Indeed, partly this is because it's Manchester United, the entity that keeps nourishing the narrative, a major institution that must always be producing the big feelings. But also, partly this is a temporary malaise, a pendulum of opinion most visibly and harshly observed at this time of year, about a month after the transfer market shut. All summer long we have been coveting footballers, eulogising them, drooling over them. Now, only a handful of games later, a lot of those same players are now being dismissed as broken goods. Is it time to be concerned about a new signing? Was Arsenal's purchase of their striker necessary? What was the purpose of Randal Kolo Muani?
The Bigger Picture
It seems fitting that Sesko faces Liverpool on Sunday: a team simultaneously 13 months unbeaten at their stadium in the Premier League and somehow in their own state of feverish crisis, like submitting a a report on someone who popped to the store 30 minutes ago. Defensively suspect. Mohamed Salah past his prime. Alexander Isak waste of money. The coach bald.

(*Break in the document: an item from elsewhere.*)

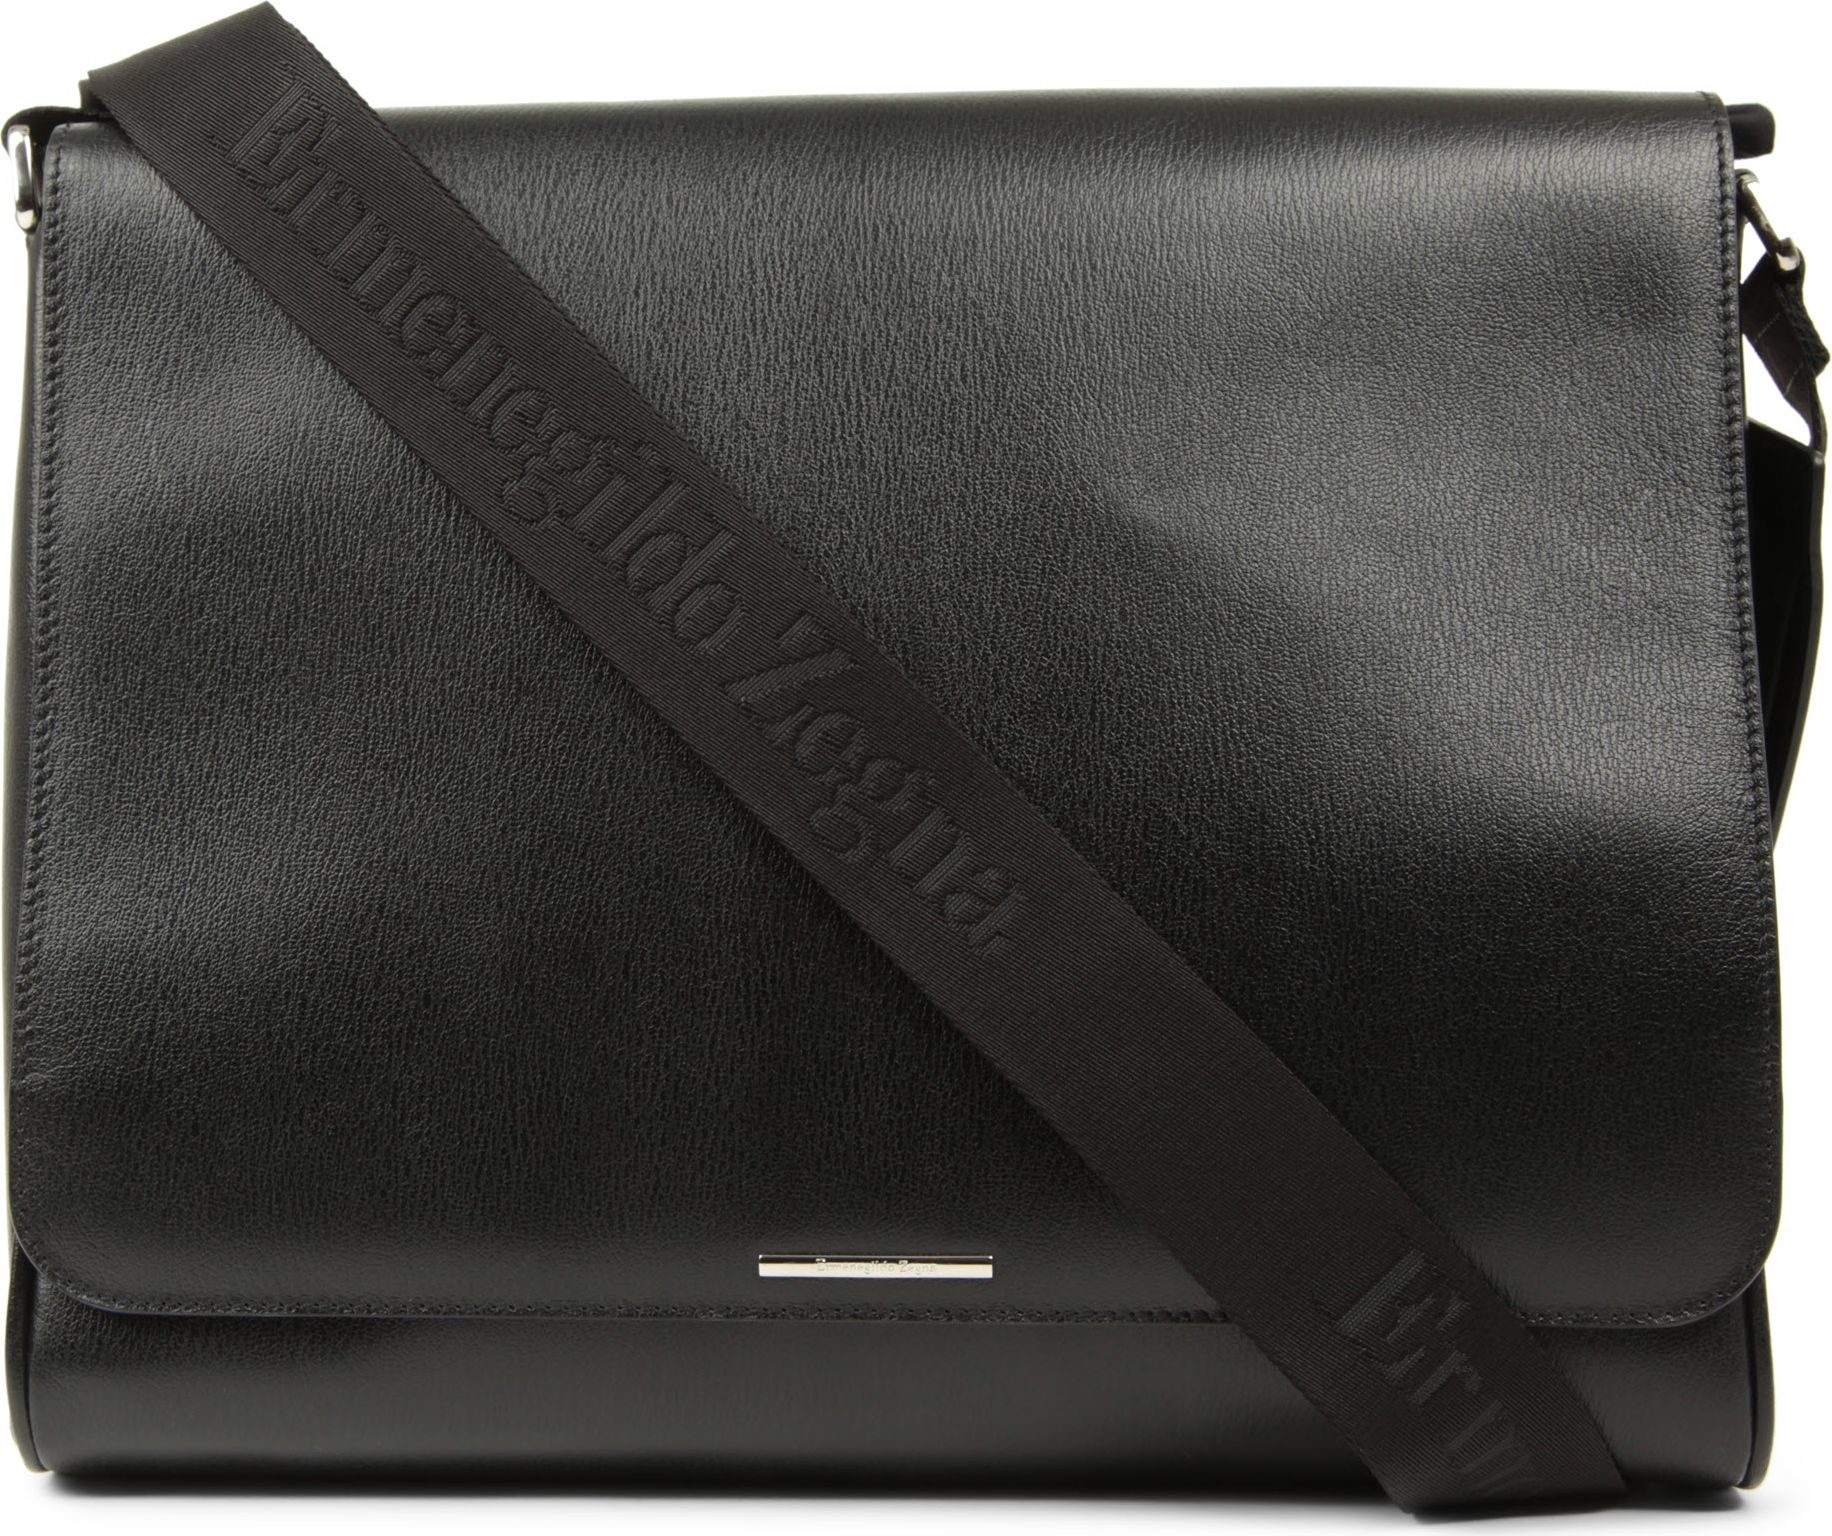 6d9d634a Ermenegildo Zegna Heritage Leather Messenger Bag in Black for Men - Lyst

Perhaps we have failed to understand the way the narrative of football has started to replace football itself, to influence the way we watch it, an entire sport reoriented around discussion topics and immediate responses, something that happens in the backdrop while we scroll through our phones, incapable to disconnect from the constant flow of takes and further hot takes. It may be Sesko taking the hit right now. But in a way, everyone is losing something in this process.